Lab 4.1: Language-to-Action Pipeline

Lab Objective

Goal: Parse natural language commands into robot actions and execute in simulation.

Skills: LLM prompting, JSON parsing, action execution, error handling.

Time: 60 minutes

Prerequisites

✅ Module 3 complete (perception working)
✅ OpenAI API key (or local Llama)
✅ Python 3.8+
✅ ROS 2 Humble

Step 1: Setup LLM Client (10 minutes)

1.1: Install dependencies

pip install openai

1.2: Set API key

export OPENAI_API_KEY="sk-..."

1.3: Test LLM

from openai import OpenAI

client = OpenAI()
response = client.chat.completions.create(
    model="gpt-4",
    messages=[{"role": "user", "content": "Say hello"}]
)
print(response.choices[0].message.content)

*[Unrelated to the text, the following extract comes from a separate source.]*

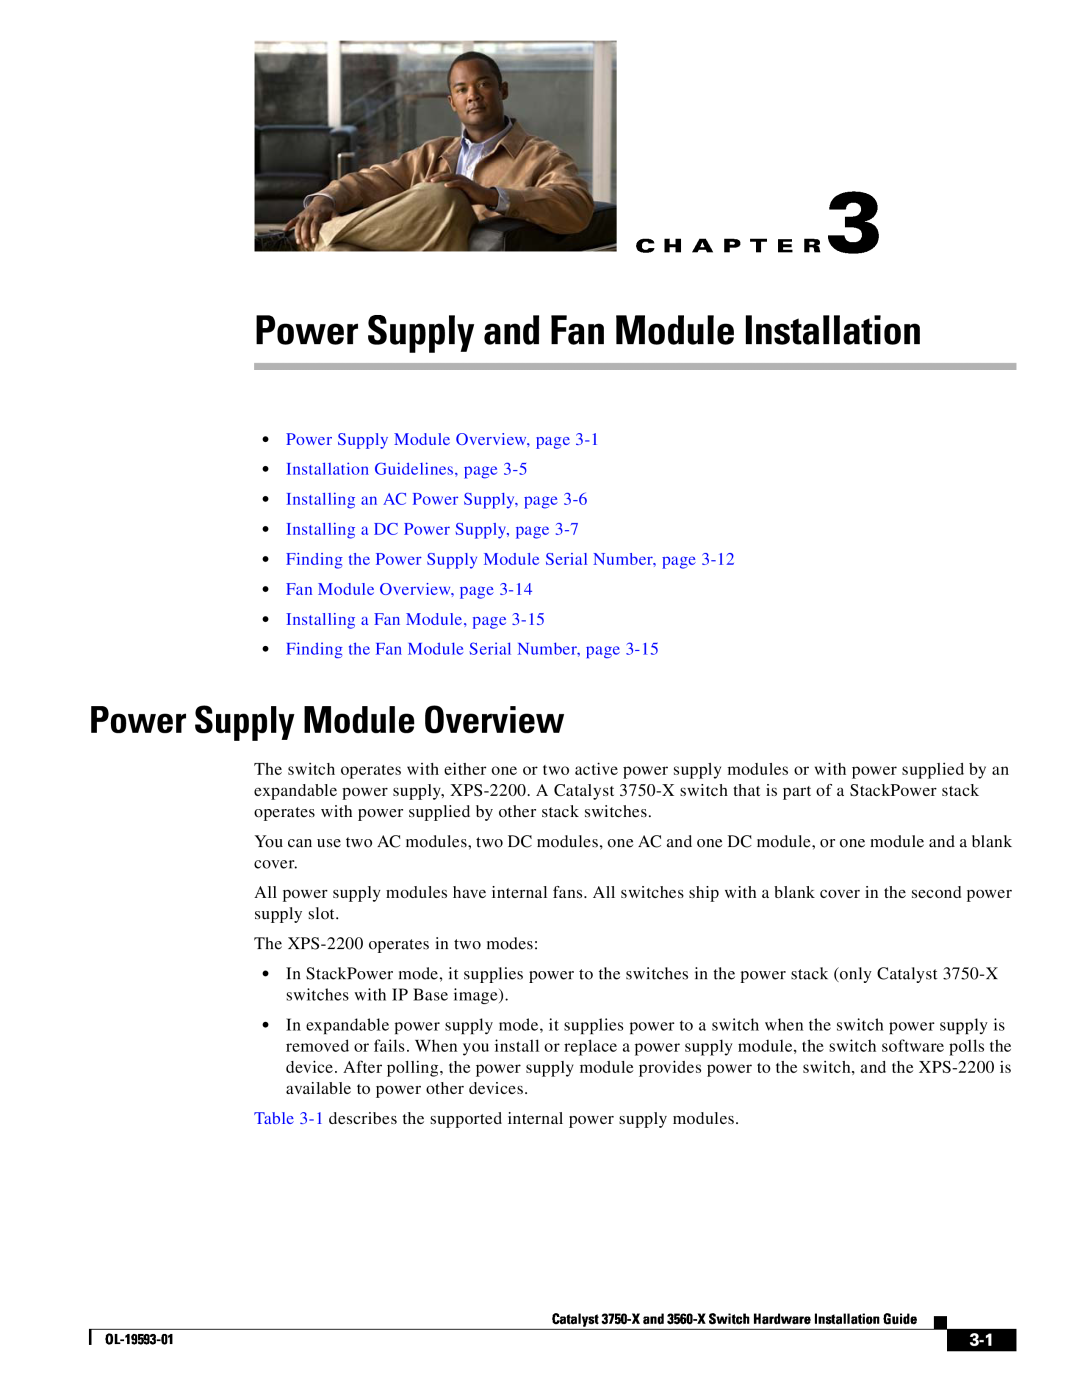 Cisco Systems 3560-X, 3750-X manual Power Supply and Fan Module Installation, Power Supply Module Overview, C H A P T E R

Step 2: Create Language Agent (15 minutes)

Create language_agent.py:

#!/usr/bin/env python3
import json
from openai import OpenAI

class LanguageAgent:
    def __init__(self):
        self.client = OpenAI()
        self.system_prompt = """You are a robot control system.
Convert user commands to JSON action plans.
Response: {"actions": [...], "reasoning": "..."}
"""

    def parse(self, command, robot_state):
        """Convert command to action plan"""
        prompt = f"""Robot state:
- Position: {robot_state.get('position', 'unknown')}
- Objects: {robot_state.get('objects', [])}

User: "{command}"

Generate action plan JSON."""

        response = self.client.chat.completions.create(
            model="gpt-4",
            messages=[
                {"role": "system", "content": self.system_prompt},
                {"role": "user", "content": prompt}
            ],
            temperature=0.7
        )

        text = response.choices[0].message.content
        try:
            plan = json.loads(text)
            return plan
        except json.JSONDecodeError:
            return {"actions": [], "error": "Parse failed"}

if __name__ == "__main__":
    agent = LanguageAgent()

    # Test commands
    test_commands = [
        "Walk forward",
        "Find the coffee cup",
        "Go to the kitchen",
        "Pick up the blue box"
    ]

    for cmd in test_commands:
        state = {"position": (0, 0), "objects": ["cup", "box"]}
        plan = agent.parse(cmd, state)
        print(f"\nCommand: {cmd}")
        print(f"Plan: {json.dumps(plan, indent=2)}")

Run:

python3 language_agent.py

Step 3: Implement Action Executor (15 minutes)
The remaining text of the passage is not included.